Planar cell polarity (PCP) occurs when the cells of an epithelium are polarized along a common axis lying in the epithelial plane. During the development of PCP, cells respond to long-range directional signals that specify the axis of polarization. It has been proposed that with respect to Drosophila eye morphogenesis a crucial step in this process is the establishment of graded expression of the cadherin Dachsous (Ds) and the Golgi-associated protein Four-jointed (Fj). These gradients have been proposed to specify the direction of polarization by producing an activity gradient of the cadherin Fat within each ommatidium. In this report, the key predictions of this model were tested and confirmed by altering the patterns of Fj, Ds and Fat expression. It was shown that the gradients of Fj and Ds expression provide partially redundant positional information essential for specifying the polarization axis.
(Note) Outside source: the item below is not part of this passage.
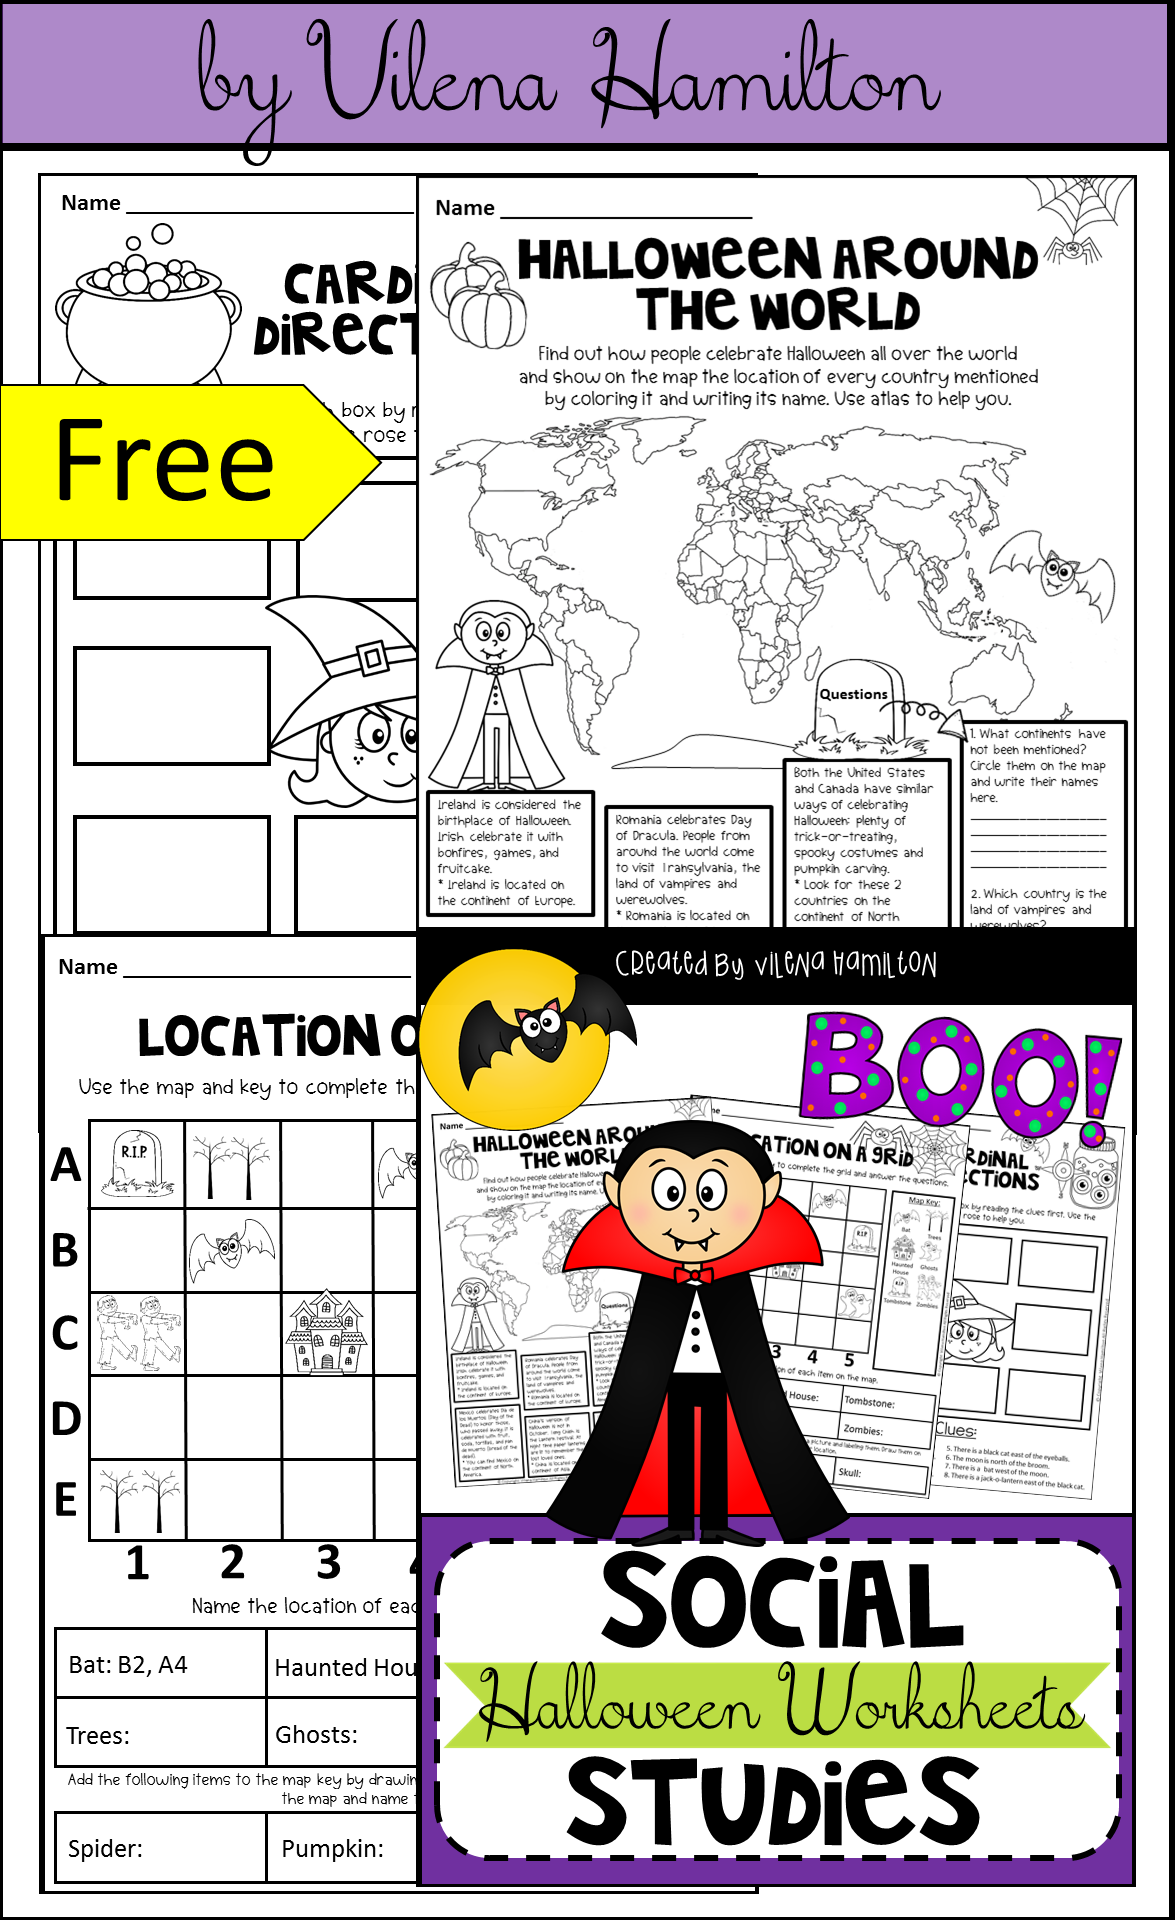 Grades 1-3 Print & Go Worksheets   Social Studies Worksheets

It was further demonstrated that reversing the Fj and Ds gradients can lead to reversal of the axis of polarization. Finally, it was shown that an ectopic gradient of Fat expression can re-orient PCP in the eye. In contrast to the eye, the endogenous gradients of Fj and Ds expression do not play a major role in directing PCP in the wing. Thus, this study reveals that the two tissues use different strategies to orient their PCP (Simon, 2004).
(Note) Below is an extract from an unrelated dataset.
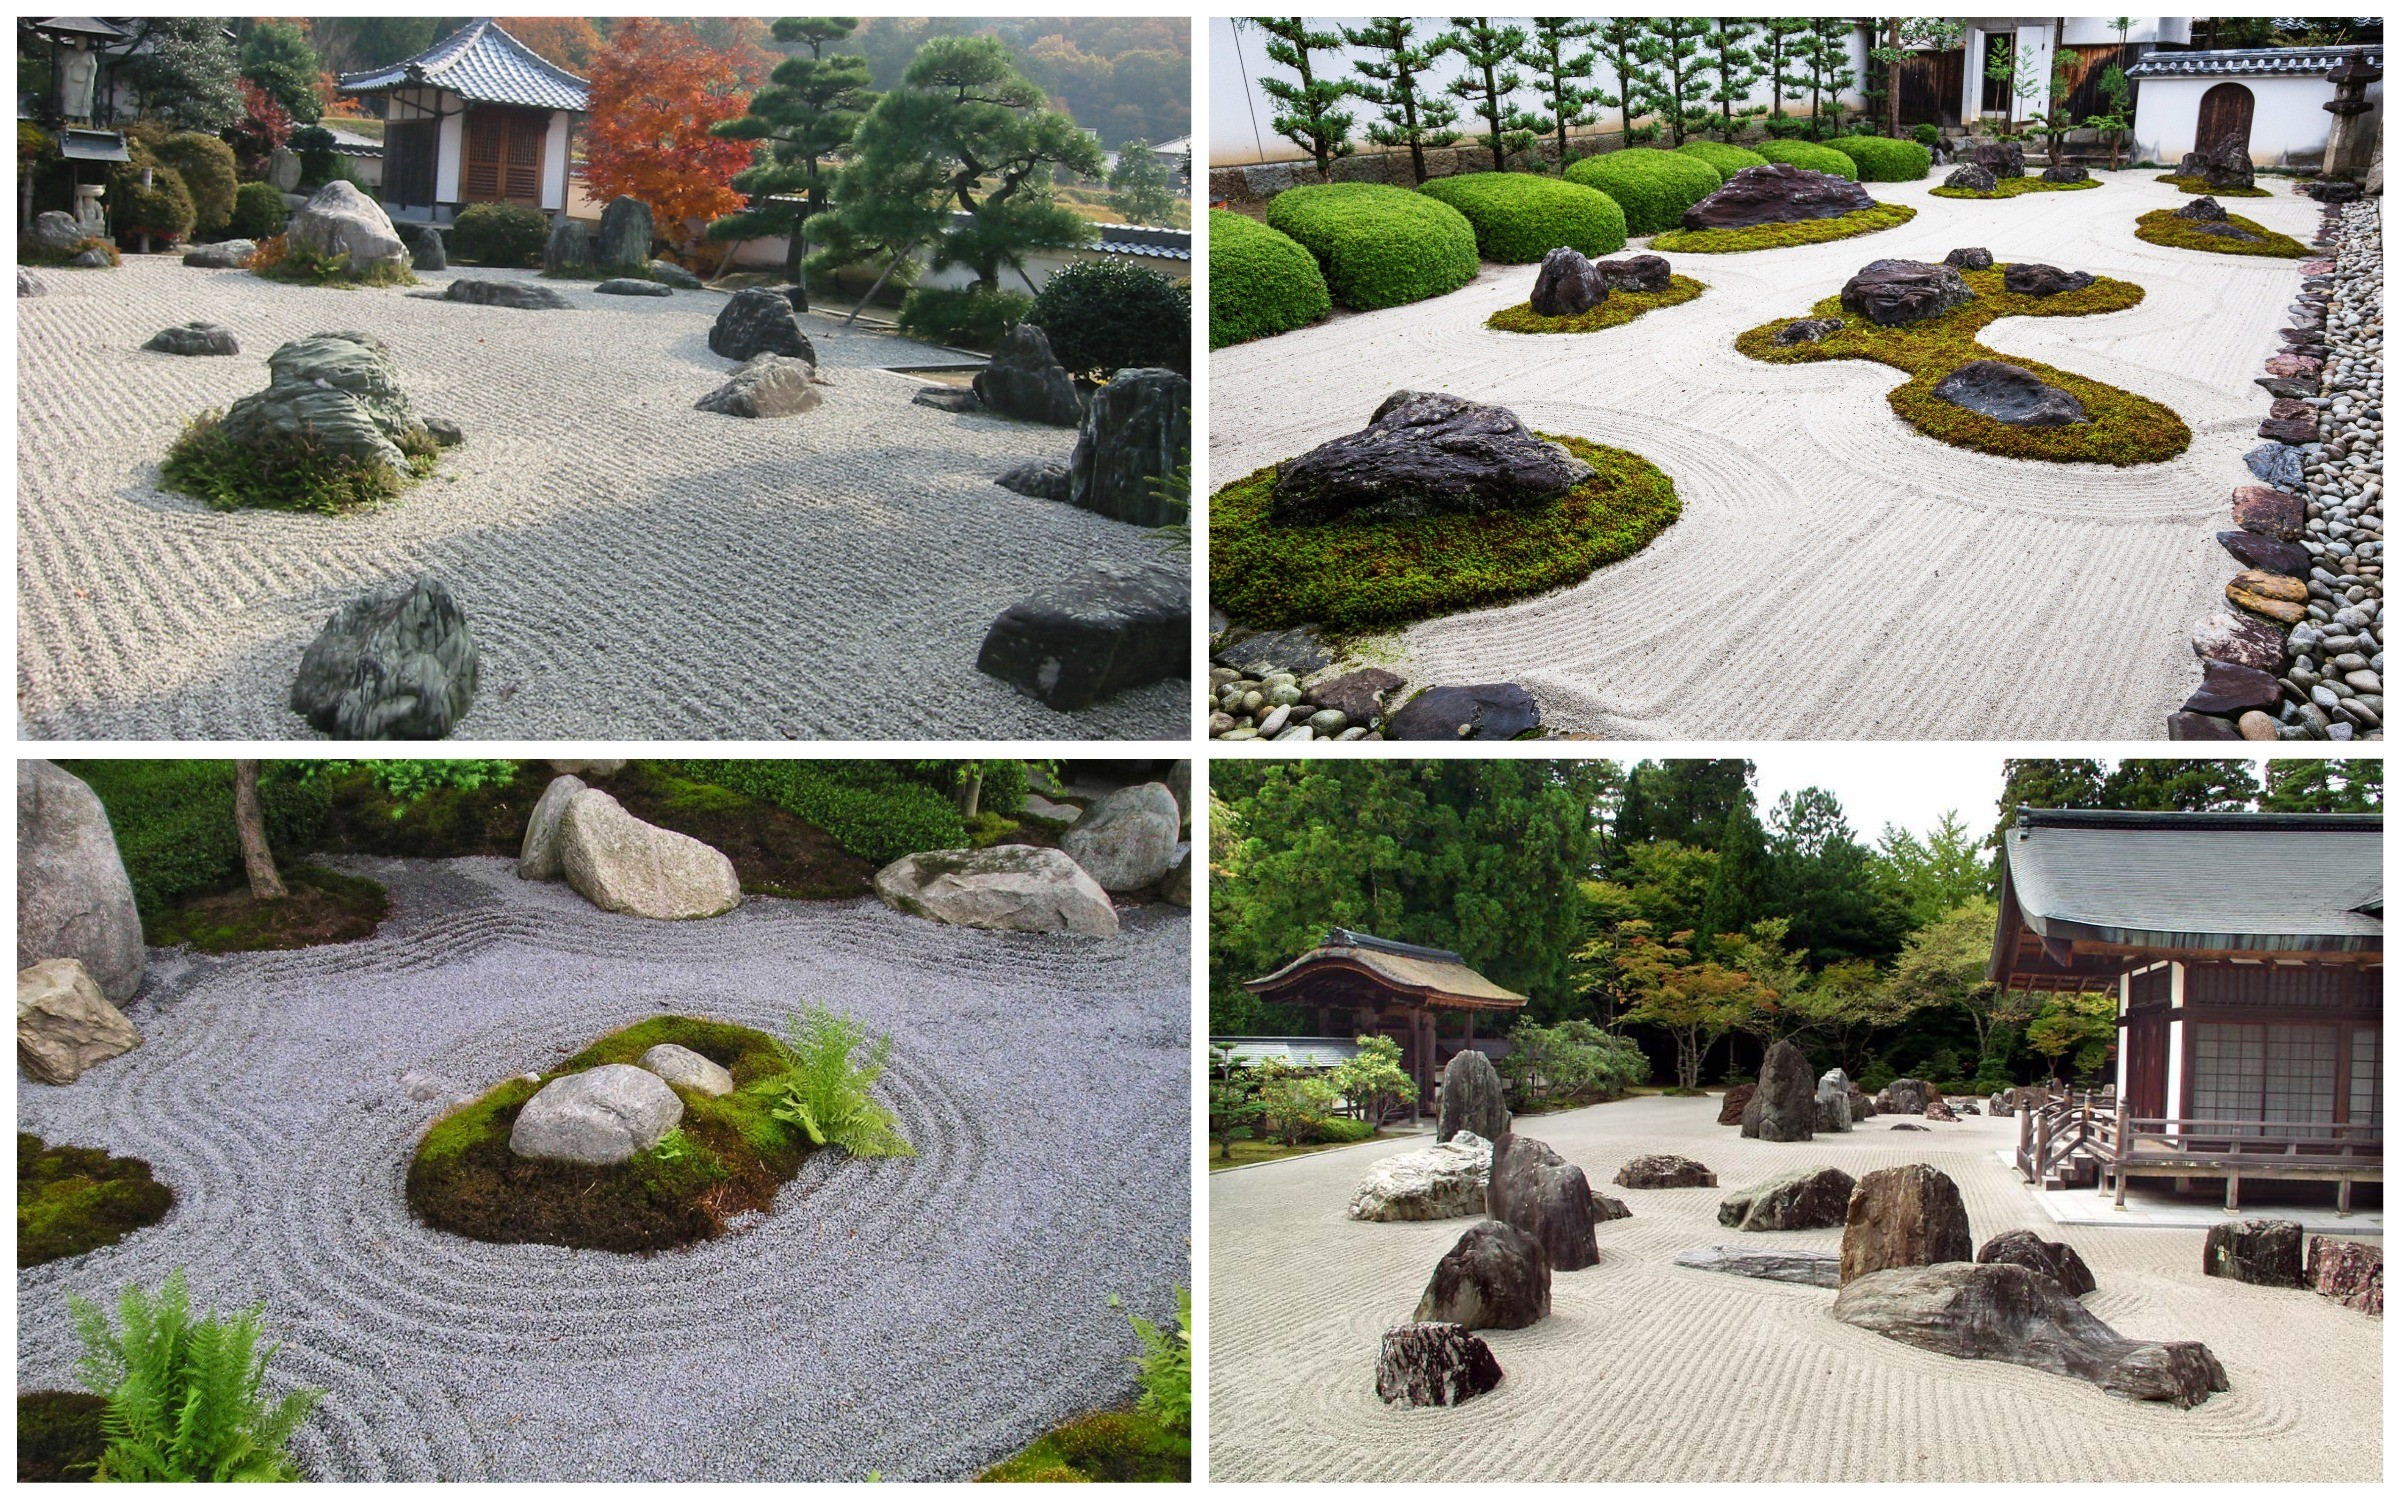 фото каменный японский сад

The development of organized PCP requires cells to polarize in response to directional signals within the plane of the epithelium. The apparent absence of local cues has suggested that cells orient their polarity in response to long-range diffusible signaling molecules that form gradients across the tissue. It has been proposed that the role of the diffusible signals, such as Wingless produced at the poles of the eye disc, is to drive graded transcription of Ds and Fj. In this model, the resulting Ds and Fj protein gradients then regulate the function of the cadherin Ft, resulting in a Ft activity gradient, which in turn controls the pattern of Fz competition within each ommatidium. Crucial tests of the model have been precluded by an inability to alter the patterns of Ds and Ft expression. This study has analyzed the effects of altering Fj, Ds and Ft expression in the eye, and provides evidence supporting crucial features of the model. Most importantly, it has been demonstrated that the Fj and Ds expression gradients provide redundant directional information that together orient PCP. Furthermore, the data shows that it is the combination of both gradients that provides the robust directional cues needed to support the perfect fidelity of polarization in wild-type eyes. In addition, it has been shown that graded Ft expression can direct the pattern of ommatidial polarity, thus providing support for the role of Ft as a graded regulator of Fz signaling acting under the control of the Fj and Ds gradients (Simon, 2004).
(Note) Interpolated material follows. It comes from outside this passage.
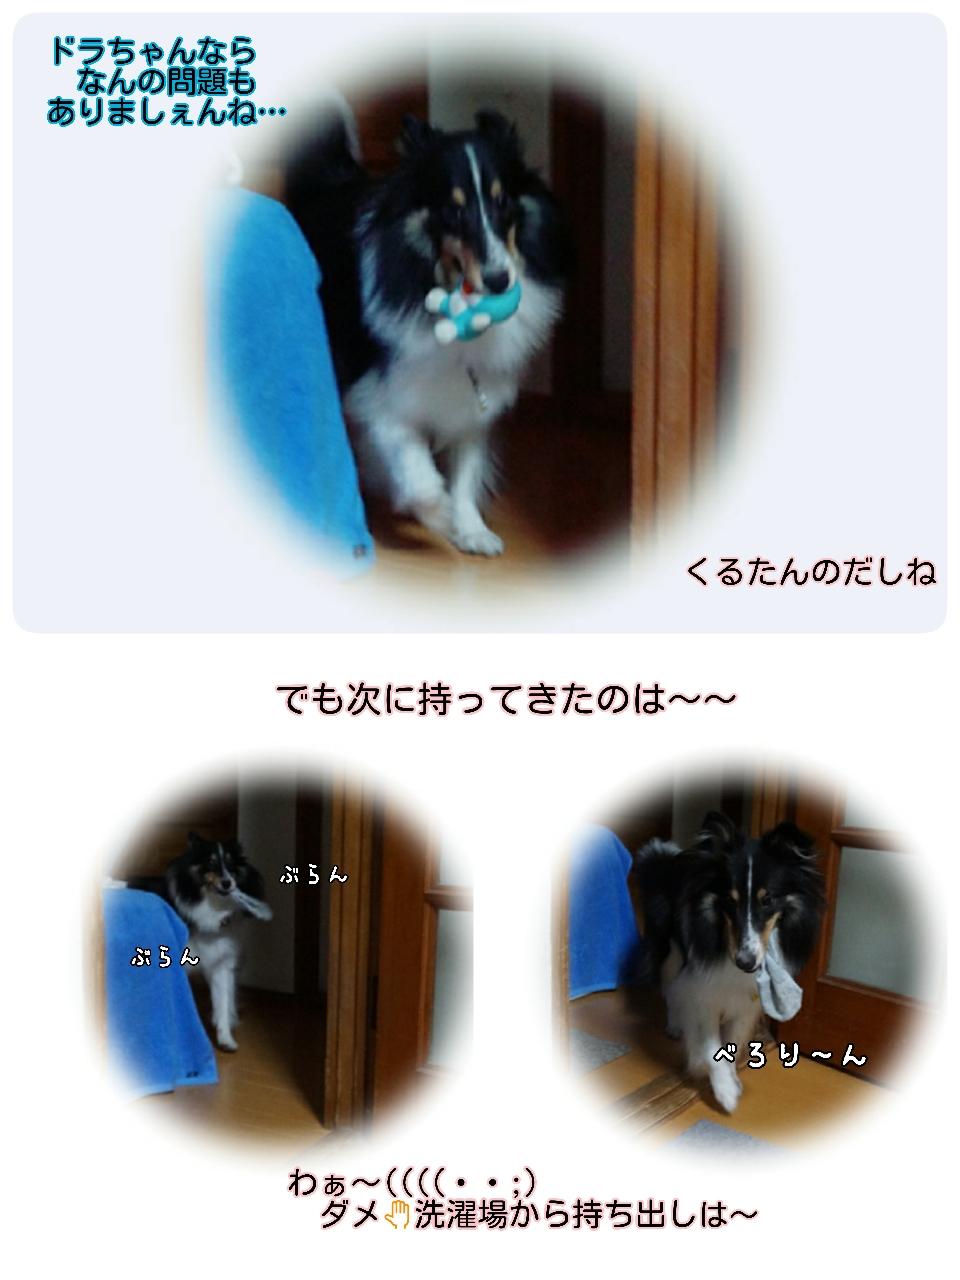 16-09-20-15-16-51-231_deco.jpg

In the proposed model, the consistent equatorial bias of Fz signaling results from more effective Ft action in each equatorial R3/4 precursor cell when compared with its adjacent polar counterpart. Since this Ft difference results from the action of the Fj and Ds gradients, a key question is how these gradients could control the level of Ft function. Important insight into this issue has come from studies of the wing that suggest that Ft and Ds form a complex in which the localization of Ft on the surface of one cell is promoted by binding to Ds on the surface of the neighboring cell. The dependence of Ft plasma membrane localization on Ds may account for the requirement for Ds function during planar polarization in the eye, even when sufficient directional cues are provided by the Fj expression gradient (Simon, 2004).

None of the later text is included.